====== Data block

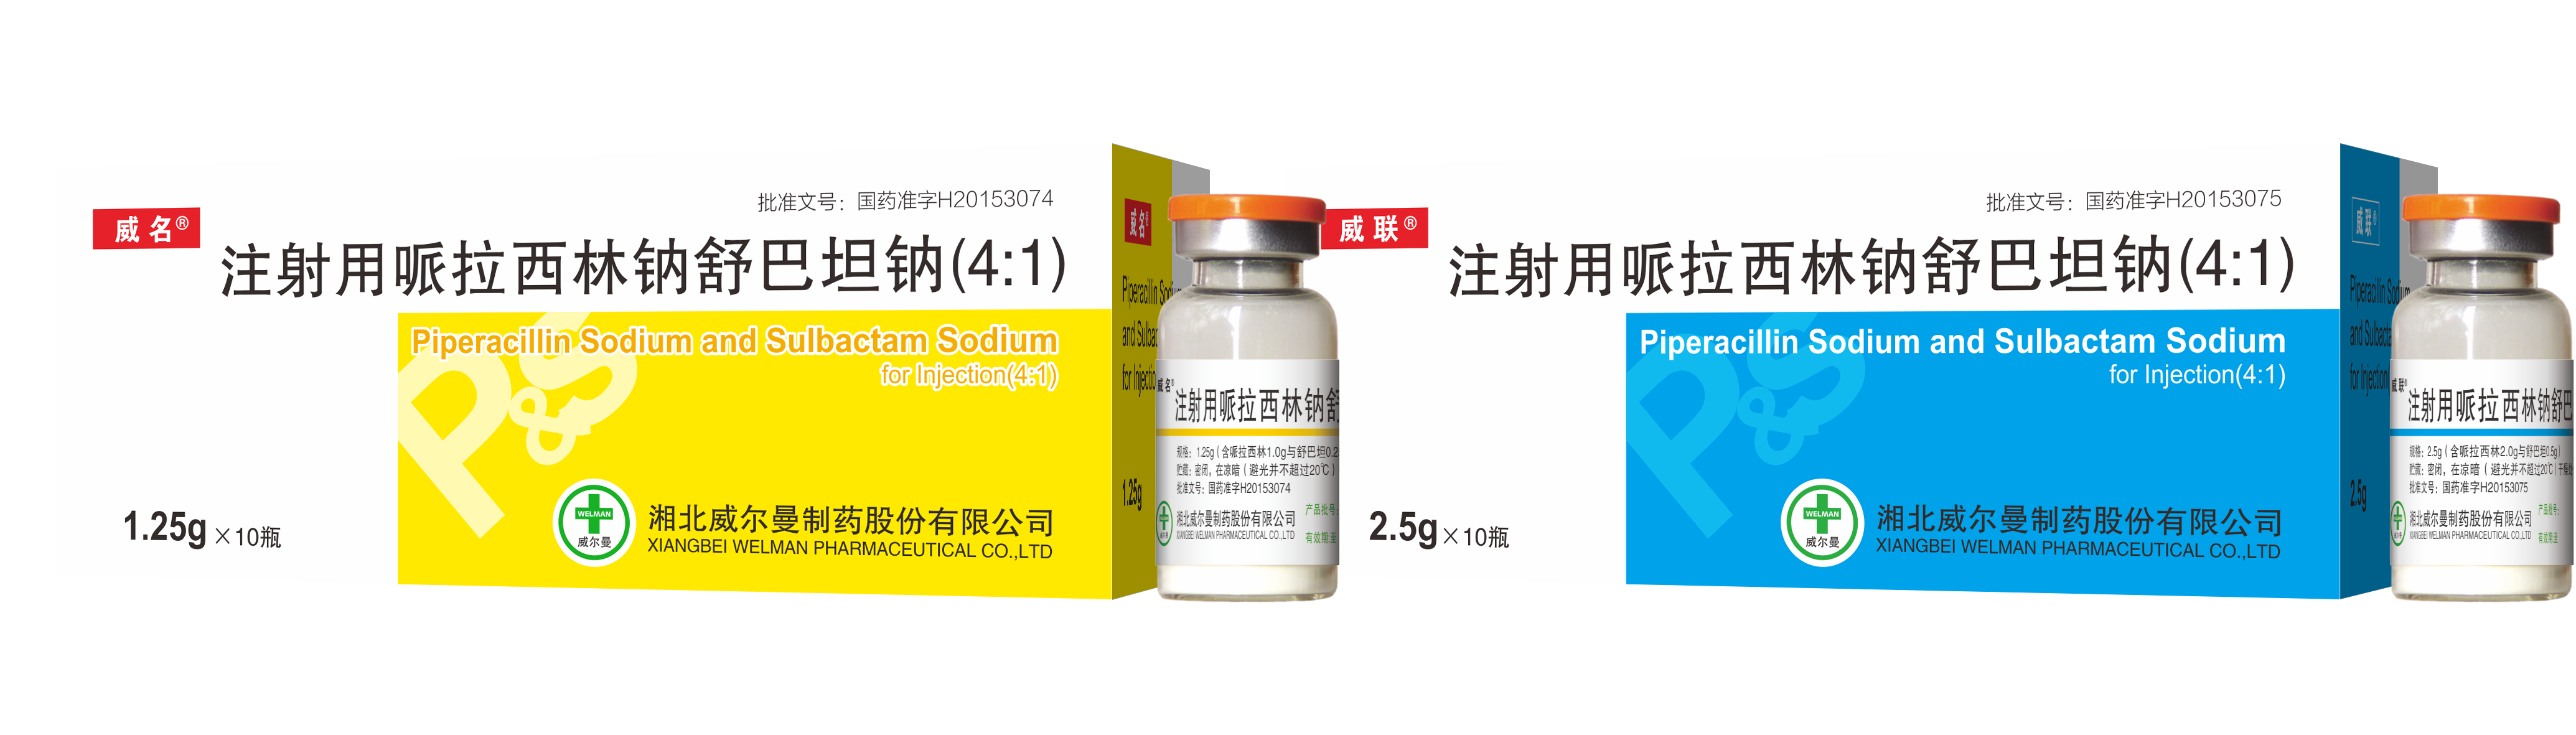 注射用哌拉西林钠他唑巴坦钠（8:1）-抗感染用药-产品中心-通用三洋
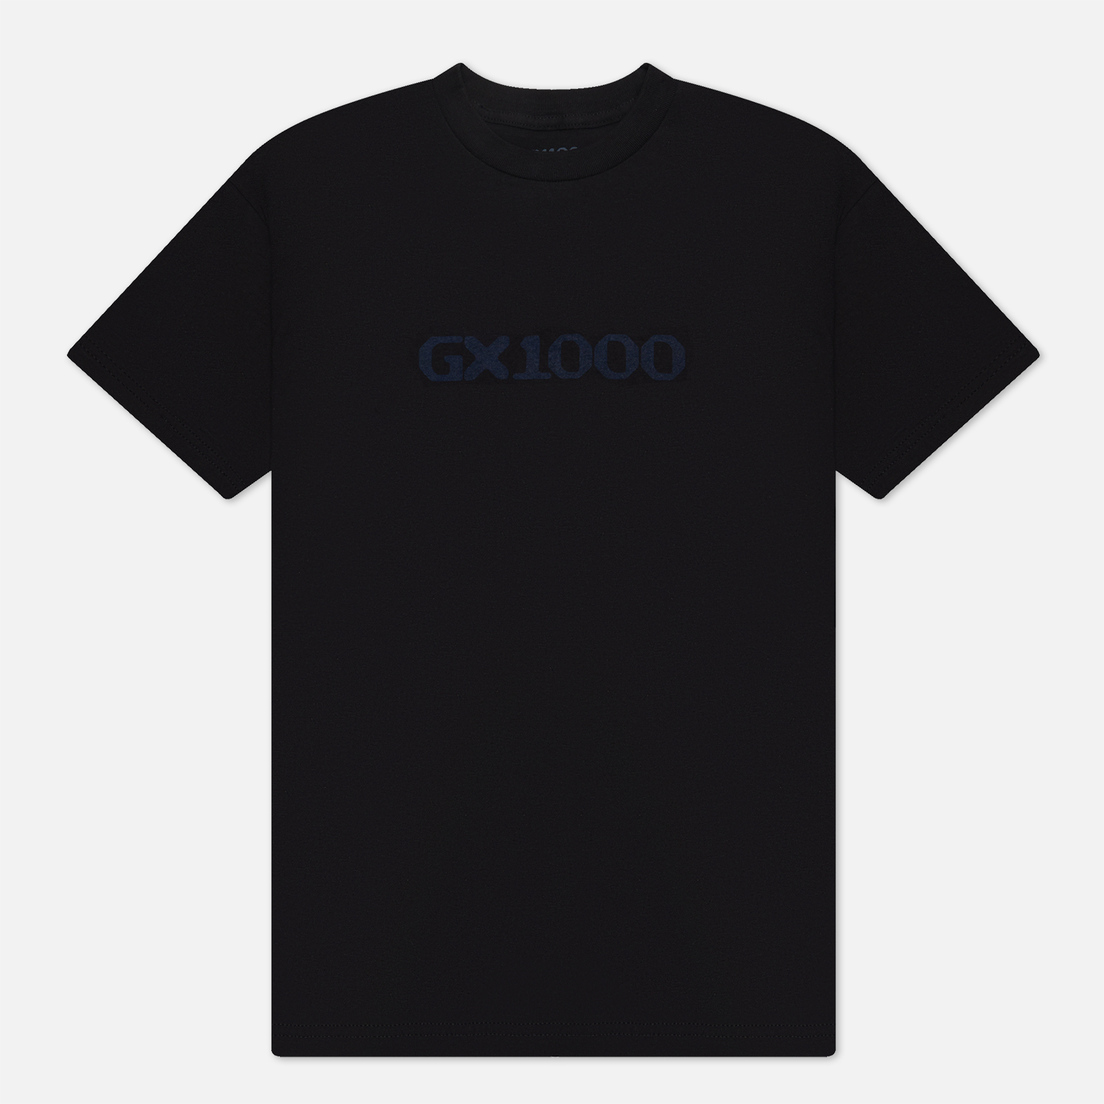 GX1000 Мужская футболка OG Logo
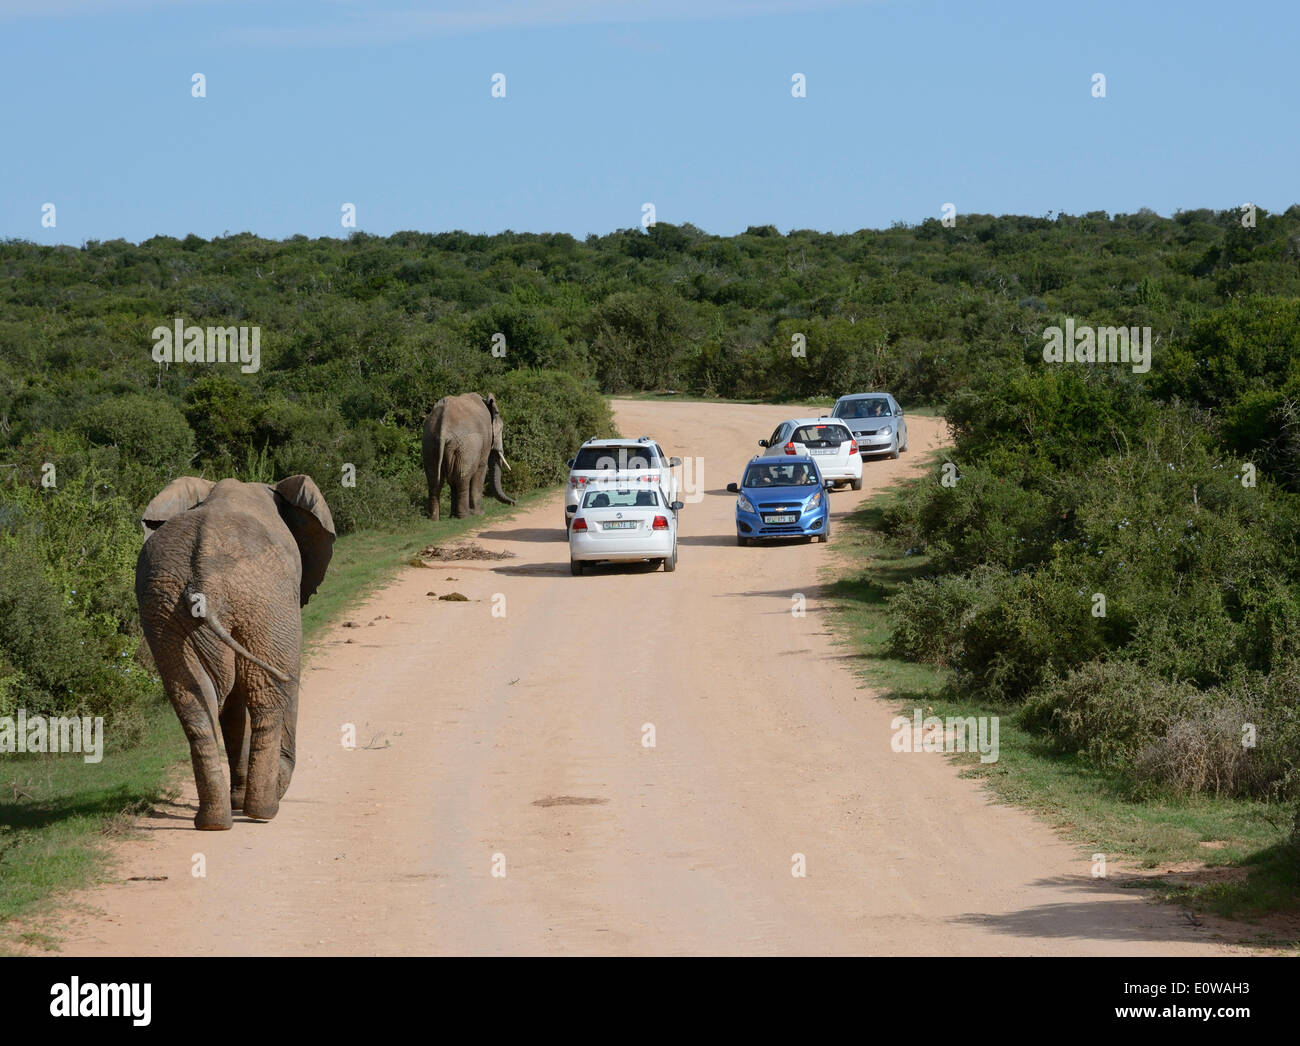 Bush de l'Afrique de l'éléphant (Loxodonta africana) et des voitures sur une route de terre, l'Addo Elephant National Park, Eastern Cape, Afrique du Sud Banque D'Images

============

=== What to do ===
Please copy the data above exactly; the pictures do not belong in the copy.

=== Exercise answer ===
 注射用哌拉西林钠他唑巴坦钠（8:1）-抗感染用药-产品中心-通用三洋
 GX1000 Мужская футболка OG Logo
 Bush de l'Afrique de l'éléphant (Loxodonta africana) et des voitures sur une route de terre, l'Addo Elephant National Park, Eastern Cape, Afrique du Sud Banque D'Images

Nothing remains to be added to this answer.